Sanwa redoubled its effort to expand in international banking and, studying the Bank of America as a model, mapped out a strategy for growth in the retail sector. It also moved its center of activity from Osaka to the more dynamic Tokyo. Of the three “Osaka banks” (the others being Sumitomo and Daiwa), Sanwa was most successful in exploiting the growth of the Tokyo market.
The Sanwa Bank, Ltd. is the world’s most profitable bank and second only to Bank of Tokyo-Mitsubishi Ltd. in terms of total assets. Its surge to the top of the banking world during the mid-1990s has been based on the serious efforts it has made in Japan to contain costs and expand its retail base; expansion into North America in the 1980s; and an early entry into and continued growth of its operations in the nascent economies of Asia. The company’s long-term goal is to become the leading universal bank in the world.

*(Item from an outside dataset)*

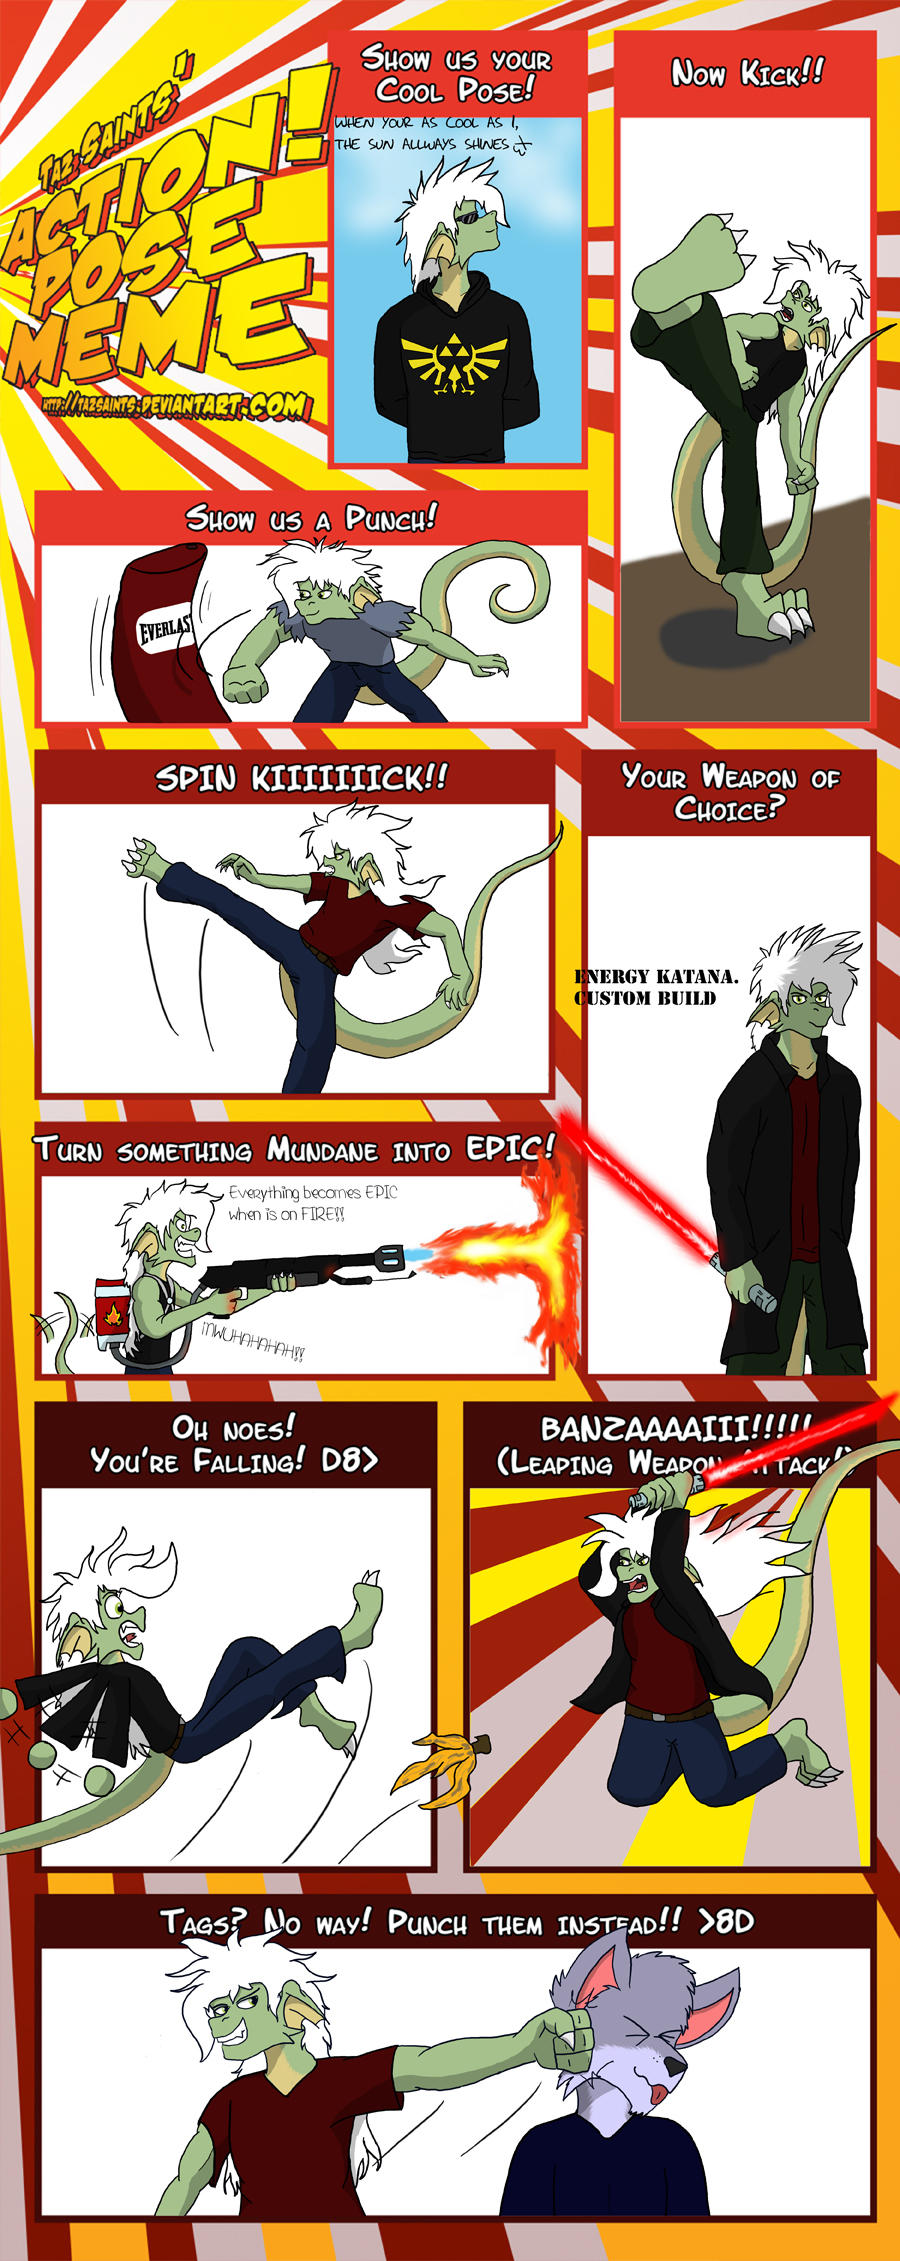 ACTION Pose Meme by Taz by Dragon-Furry

The bank entered a new phase of development in the United States in 1972 when it established the Sanwa Bank of California. This subsidiary later acquired the Charter Bank and the Golden State Bank, both in southern California, and in 1978 changed its name to Golden State Sanwa Bank. Continuing its expansion in California–the world’s sixth-largest economy–the bank acquired the First City Bank of Rosemead in 1981. Sanwa’s 1980s activities in the United States peaked in 1986 with the acquisition of Lloyds Bank California for US$263 million. With the deal, Sanwa became the first Japanese bank to acquire a major U.S. bank. Sanwa, meanwhile, opened offices in New York, Chicago, Atlanta, Dallas, Boston, Los Angeles, Toronto, and Vancouver.
As lending and other traditional banking operations became less profitable during the 1980s, Sanwa moved even further into predominantly fee-based near-banking services, notably leasing. In 1984 it acquired a leasing subsidiary from Continental Illinois Bank for US$500 million, one of the largest Japanese takeovers to that date. Within the first four years following the takeover, the renamed Sanwa Business Credit Corporation–which was involved in vendor leasing and corporate, commercial, and direct finance–doubled its business volume to US$1.2 billion. Also in 1984, Sanwa entered into a joint venture with Germany’s Dresdner Bank and the Bank of China to form China Universal Leasing Co., Ltd., which became the largest bank-affiliated leasing company in China. Additional leasing operations were subsequently established in Jakarta, Bangkok, Singapore, Kuala Lumpur, and other Asian cities.
The year 1984 was also a key one for Sanwa in terms of its overall management philosophy. That year the bank shifted its primary emphasis from asset growth to increased profits, in fact setting a goal of becoming the world’s most profitable bank. In addition to tightening controls on costs, through cuts in the work force and other strategies, Sanwa shifted its lending practices even more in the favor of small and medium-sized businesses, generally considered less risky than large corporations. By 1988, 73 percent of the bank’s loans went to smaller corporations.
In 1988 Sanwa’s president, Hiroshi Watanabe, initiated another major philosophical change when he scrapped what he considered the wishy-washy aim of becoming known as “the people’s bank” of Japan. Rather, Watanabe preferred a more concrete goal and settled on becoming “the global leader in universal banking.”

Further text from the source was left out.